Book The Punjabis in British Columbia

Download or read book The Punjabis in British Columbia written by Kamala Elizabeth Nayar and published by McGill-Queen's Press - MQUP. This book was released on 2012-10-01 with total page 368 pages. Available in PDF, EPUB and Kindle. Book excerpt: In this richly detailed study, Kamala Nayar documents the social and cultural transformation of the Punjabi community in British Columbia. From their initial settlement in the rural Skeena region to the communities that later developed in larger urban centres, The Punjabis in British Columbia illustrates the complex and diverse experiences of an immigrant community that merits greater attention. Exploring themes of gender, employment, rural and urban migrant life, and the relationships between the Punjabis and surrounding First Nations and other immigrant groups, Nayar creates a portrait of a community in transition. Shedding light on the ways in which economic circumstances affect immigrant communities, Nayar presents findings from interviews conducted with over one hundred participants. She details the relocation of Punjabi populations from the Skeena region to British Columbia's lower mainland during the decline of the forestry and fishery industries, how their second migration changed their professional and personal lives, and how their history continues to shape the identities and experiences of Punjabis in Canada today. A nuanced look at the complexities of social and cultural adaptation, The Punjabis in British Columbia adds an essential perspective to what it means to be Canadian.

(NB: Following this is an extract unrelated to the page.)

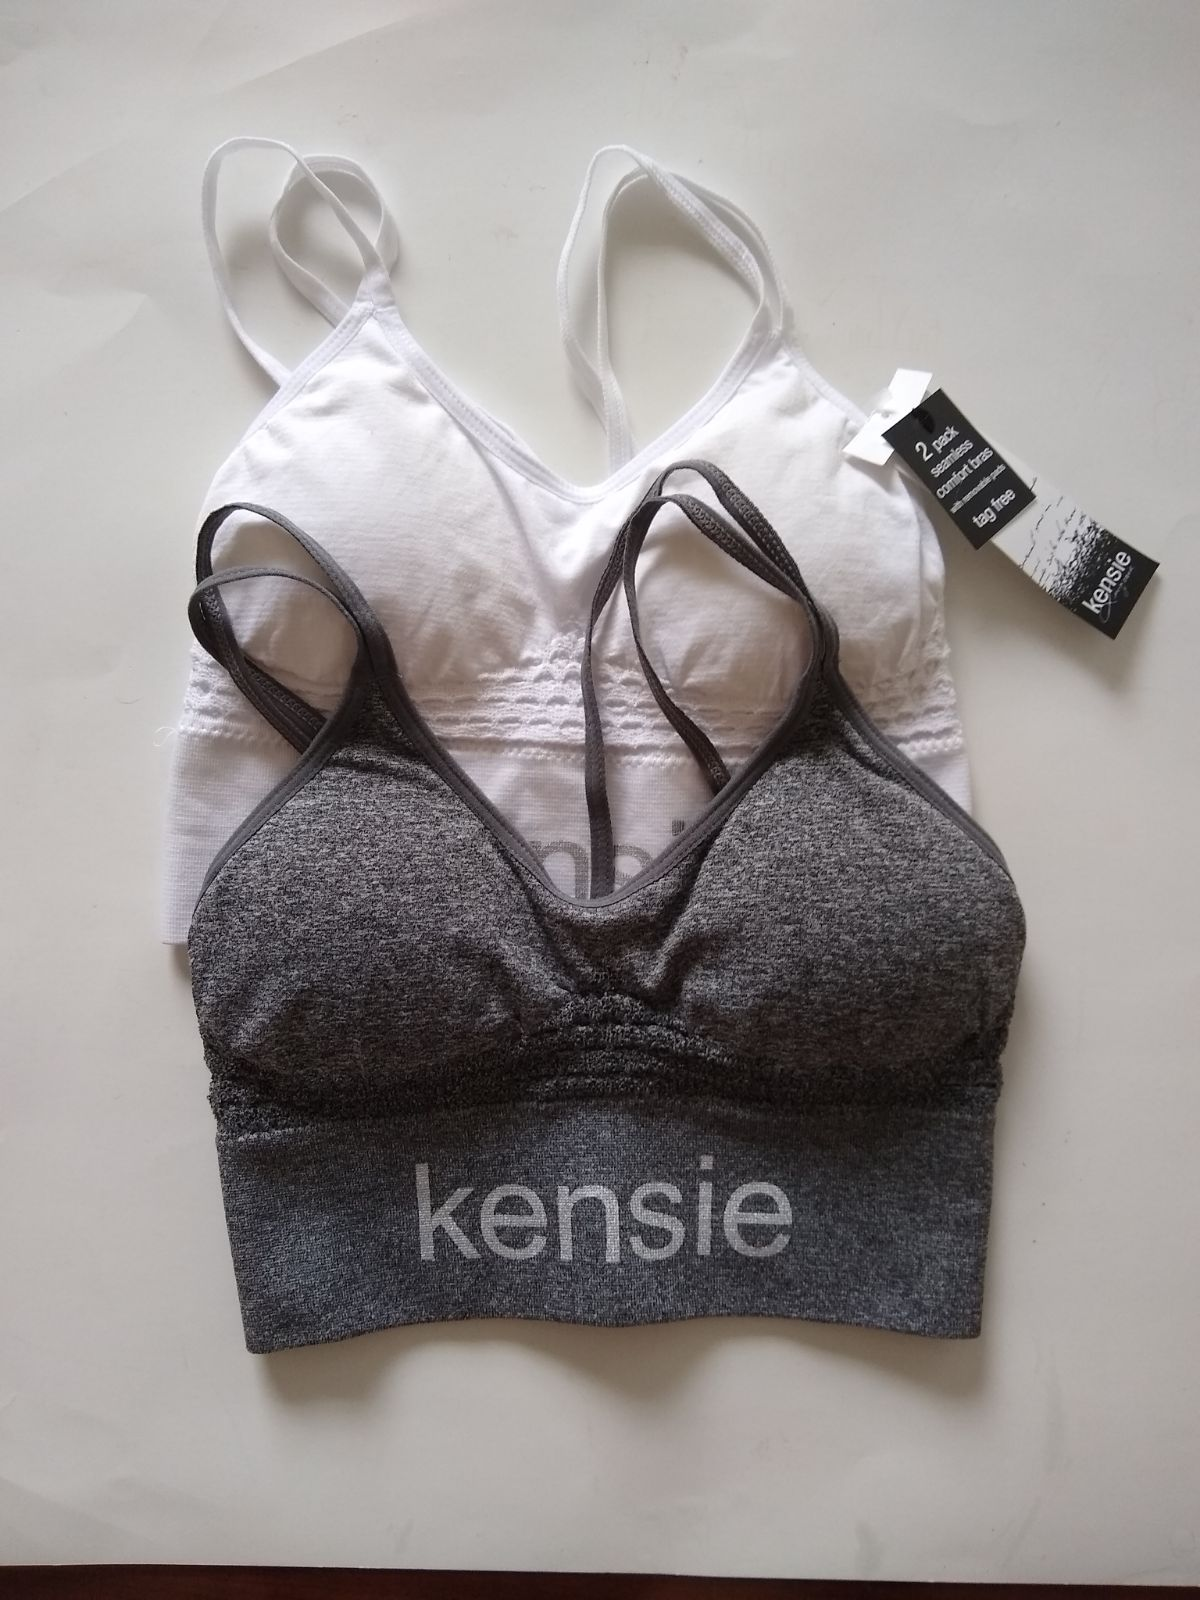 Kensie Women 2Pk Small new

Book Roots of Entanglement

    Book Details:
  • Author : Myra Rutherdale
  • Publisher : University of Toronto Press
  • Release : 2018-01-31
  • ISBN : 1487513062
  • Pages : 634 pages

Download or read book Roots of Entanglement written by Myra Rutherdale and published by University of Toronto Press. This book was released on 2018-01-31 with total page 634 pages. Available in PDF, EPUB and Kindle. Book excerpt: Roots of Entanglement offers an historical exploration of the relationships between Indigenous peoples and European newcomers in the territory that would become Canada. Various engagements between Indigenous peoples and the state are emphasized and questions are raised about the ways in which the past has been perceived and how those perceptions have shaped identity and, in turn, interaction both past and present. Specific topics such as land, resources, treaties, laws, policies, and cultural politics are explored through a range of perspectives that reflect state-of-the-art research in the field of Indigenous history. Editors Myra Rutherdale, Whitney Lackenbauer, and Kerry Abel have assembled an array of top scholars including luminaries such as Keith Carlson, Bill Waiser, Skip Ray, and Ken Coates. Roots of Entanglement is a direct response to the Truth and Reconciliation Commission’s call for a better appreciation of the complexities of history in the relationship between Indigenous and non-Indigenous peoples in Canada.

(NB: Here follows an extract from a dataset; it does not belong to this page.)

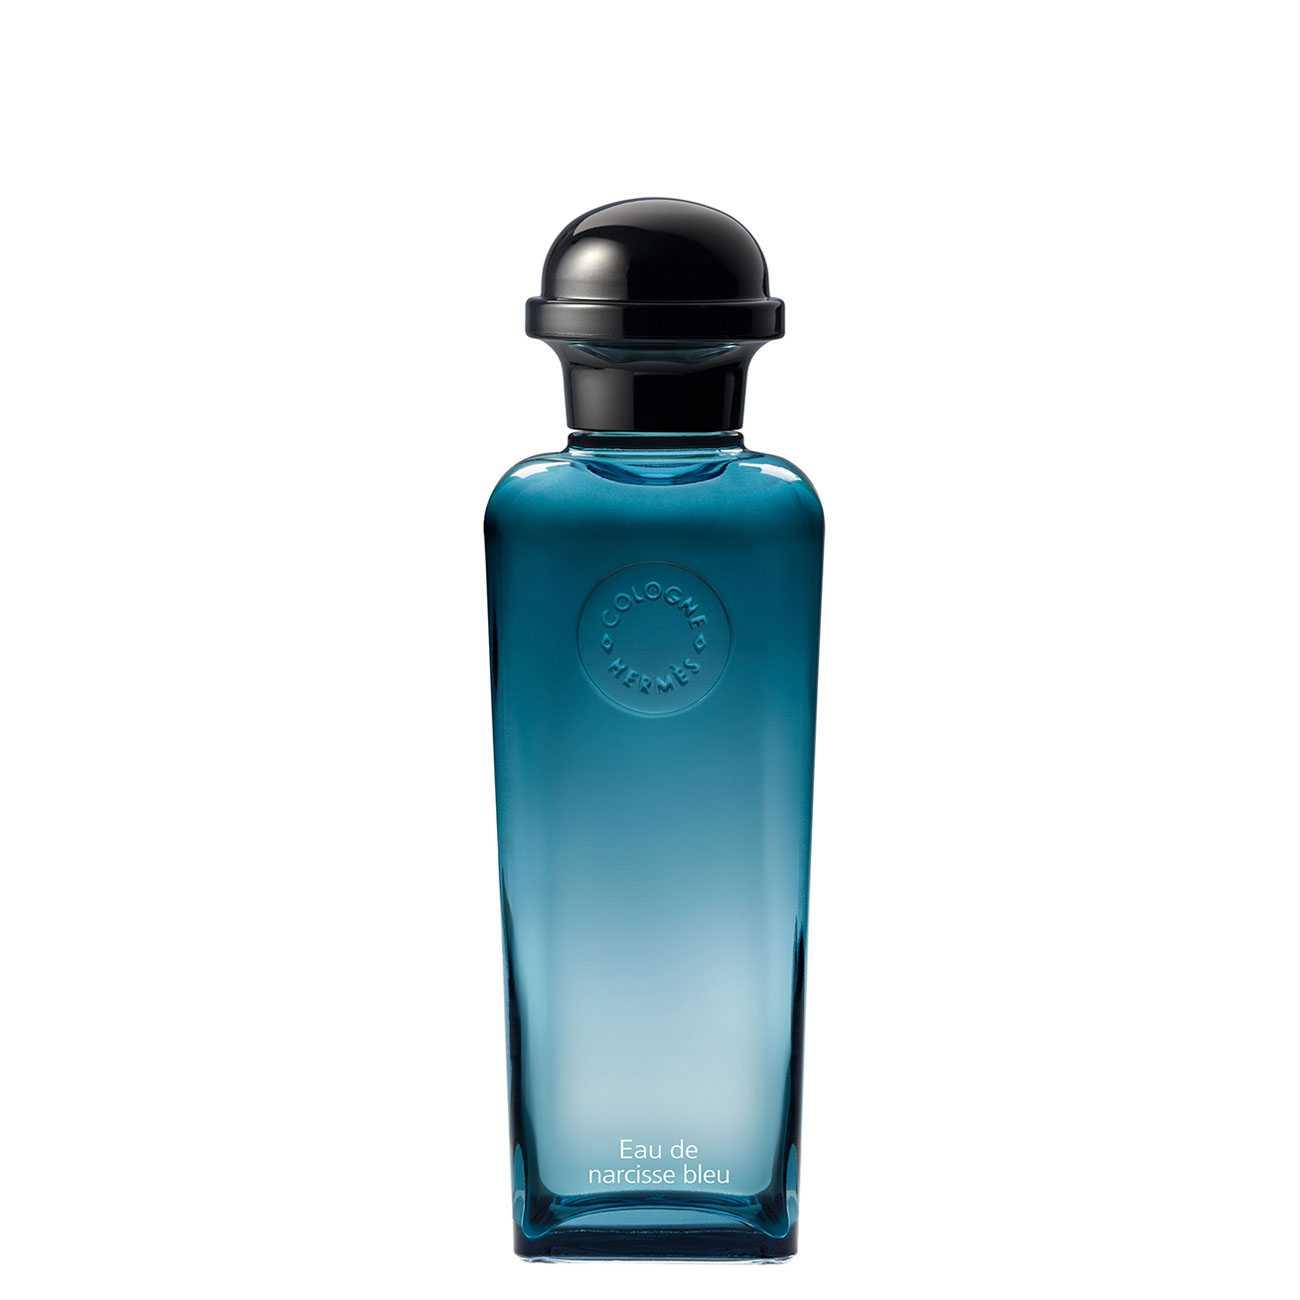 Eau De Narcisse Bleu 100 Ml 100ml Hermes imagine 2021 bestvalue.eu

Book Shaping the Future on Haida Gwaii

Download or read book Shaping the Future on Haida Gwaii written by Joseph Weiss and published by UBC Press. This book was released on 2018-09-01 with total page 245 pages. Available in PDF, EPUB and Kindle. Book excerpt: Colonialism in settler societies such as Canada depends on a certain understanding of the relationship between time and Indigenous peoples. Too often, these peoples have been portrayed as being without a future, destined either to disappear or assimilate into settler society. This book asserts quite the opposite: Indigenous peoples are not in any sense “out of time” in our contemporary world. Shaping the Future on Haida Gwaii shows how Indigenous peoples in Canada not only continue to have a future, but are at work building many different futures – for themselves and for their non-Indigenous neighbours. Through the experiences of the Haida First Nation, this book explores these possible futures in detail, demonstrating how Haida ways of thinking about time, mobility, and political leadership are at the heart of contemporary strategies for addressing the dilemmas that come with life under settler colonialism. From the threat of ecological crisis to the assertion of sovereign rights and authority, Weiss shows that the Haida people consistently turn towards their possible futures in order to work out how to live in and transform the present.